_Your assignment_.
Each line below is to be copied exactly; images do not go into the copy.

_Data section_.
● ● ●

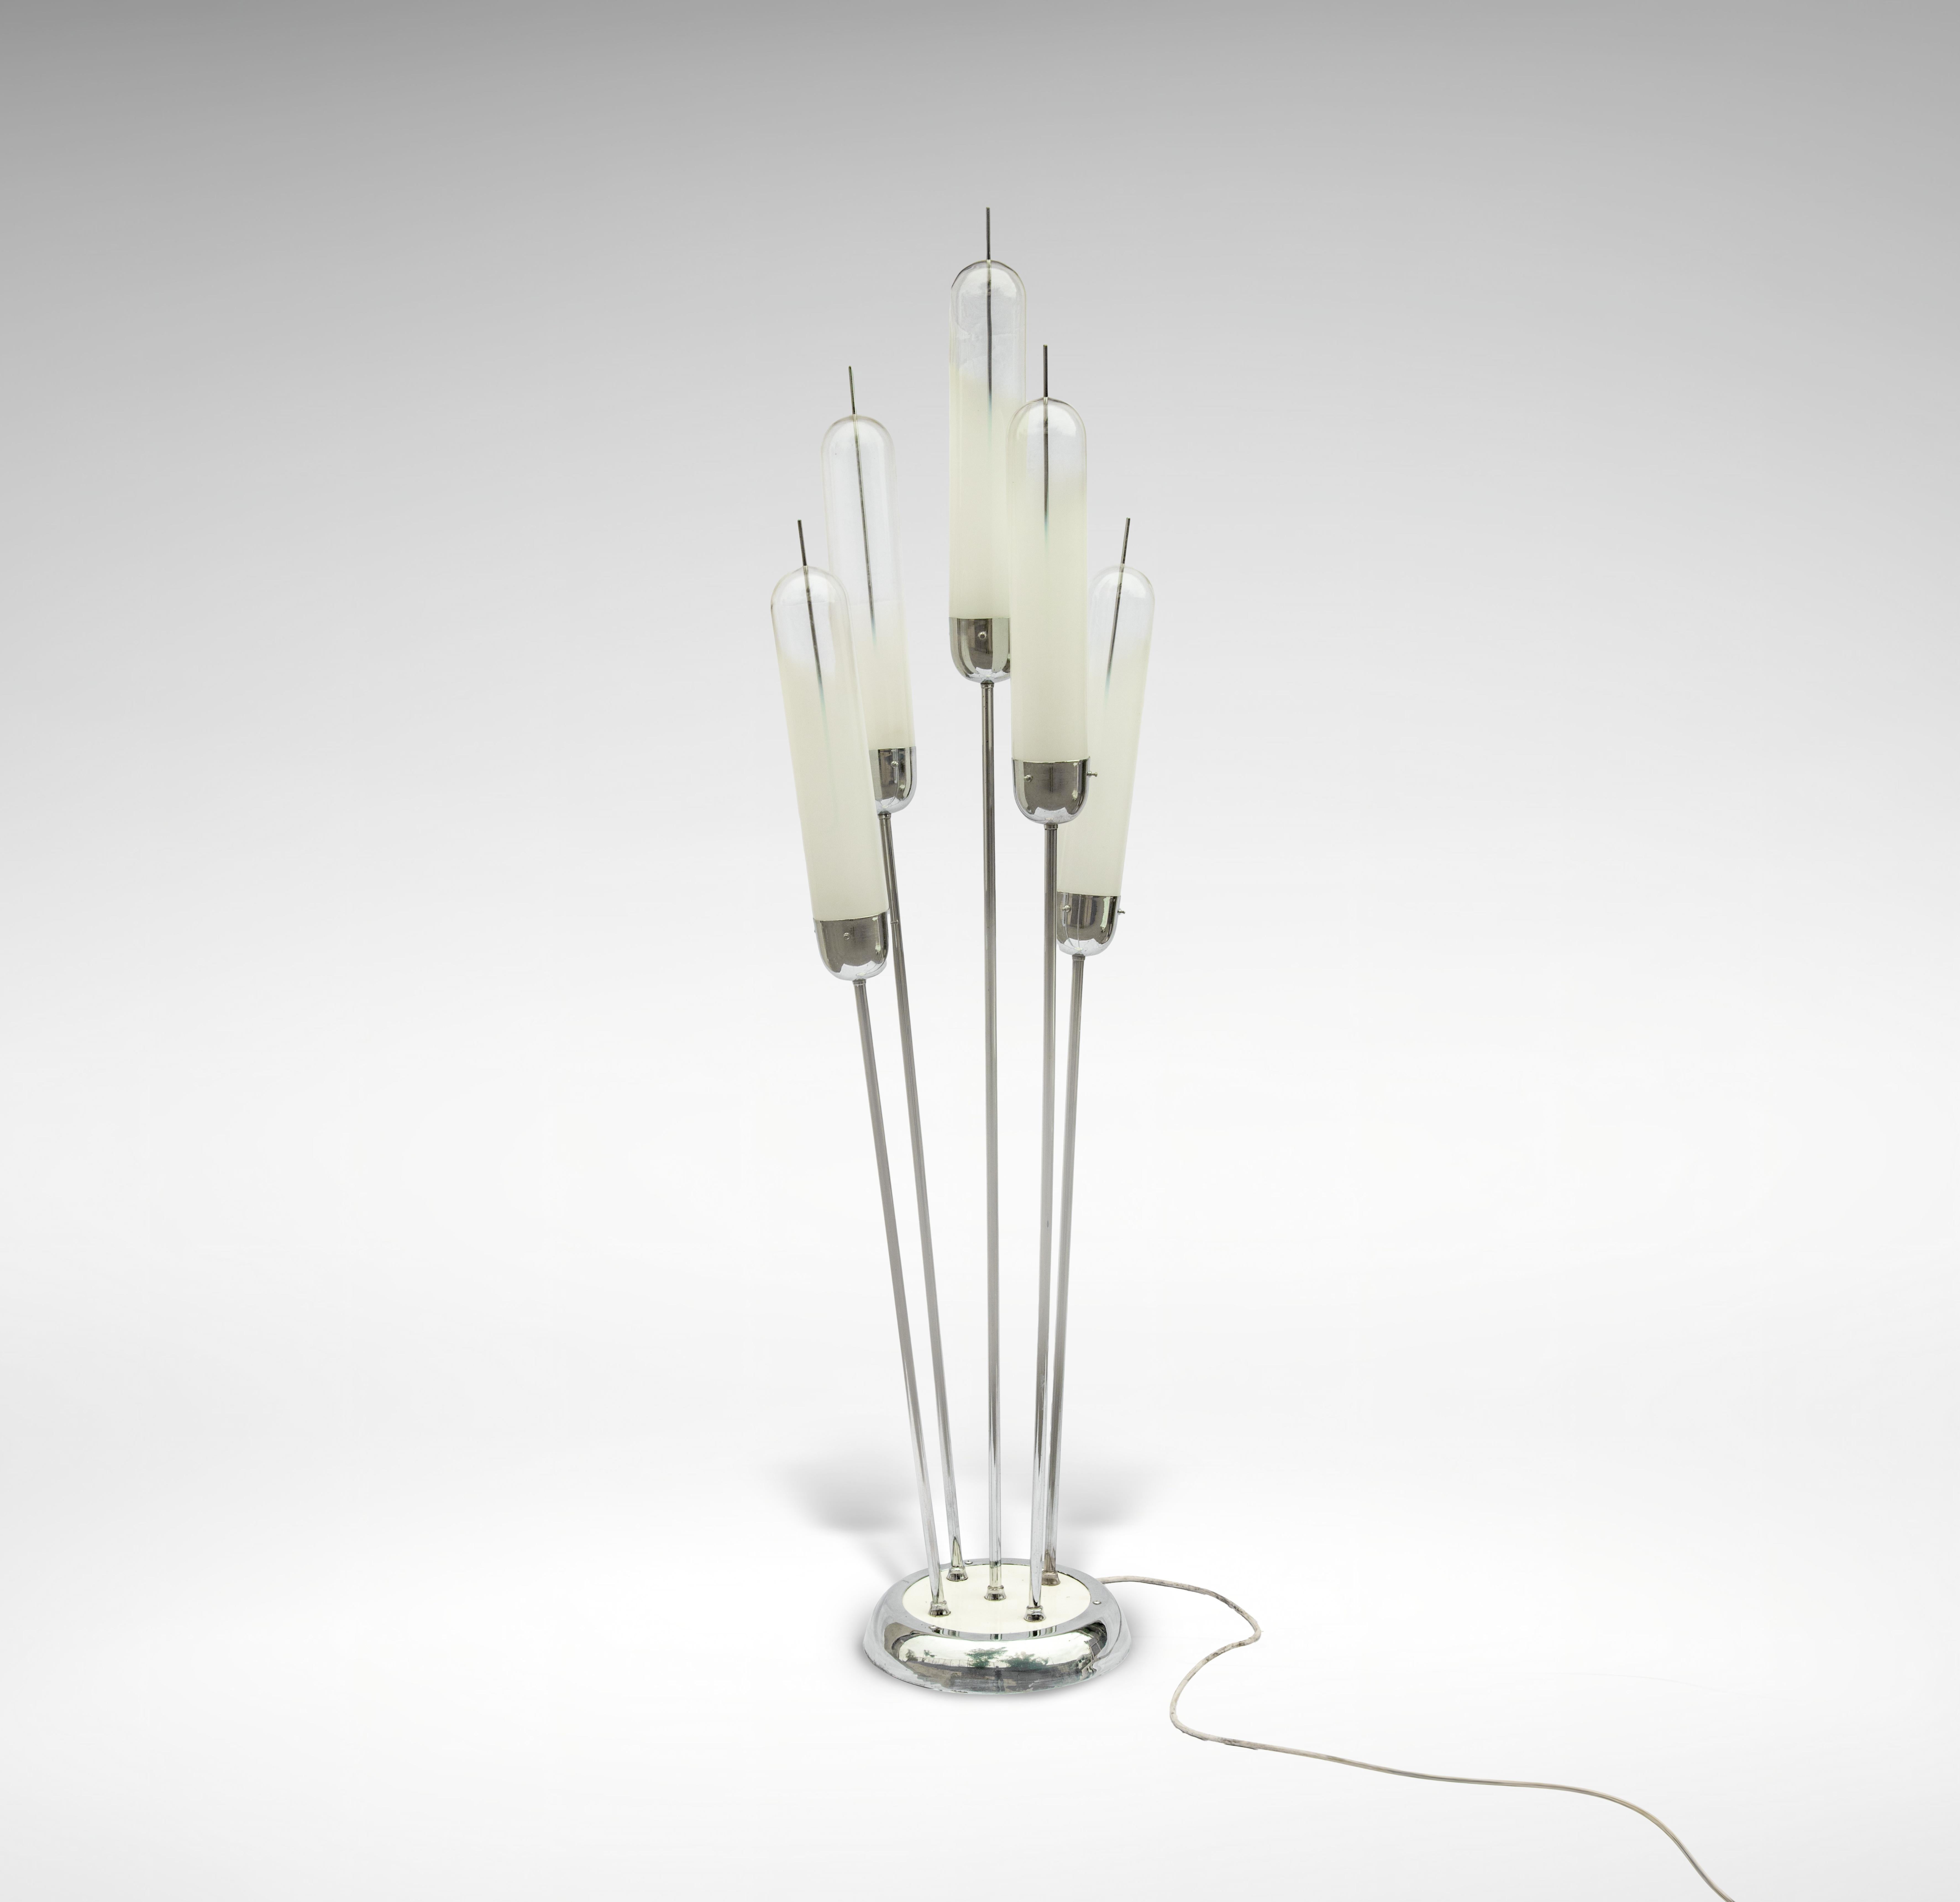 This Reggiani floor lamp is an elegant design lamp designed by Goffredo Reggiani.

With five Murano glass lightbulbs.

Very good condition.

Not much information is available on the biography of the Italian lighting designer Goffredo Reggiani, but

● ● ●

_Output below_.
 This Reggiani floor lamp is an elegant design lamp designed by Goffredo Reggiani.

With five Murano glass lightbulbs.

Very good condition.

Not much information is available on the biography of the Italian lighting designer Goffredo Reggiani, but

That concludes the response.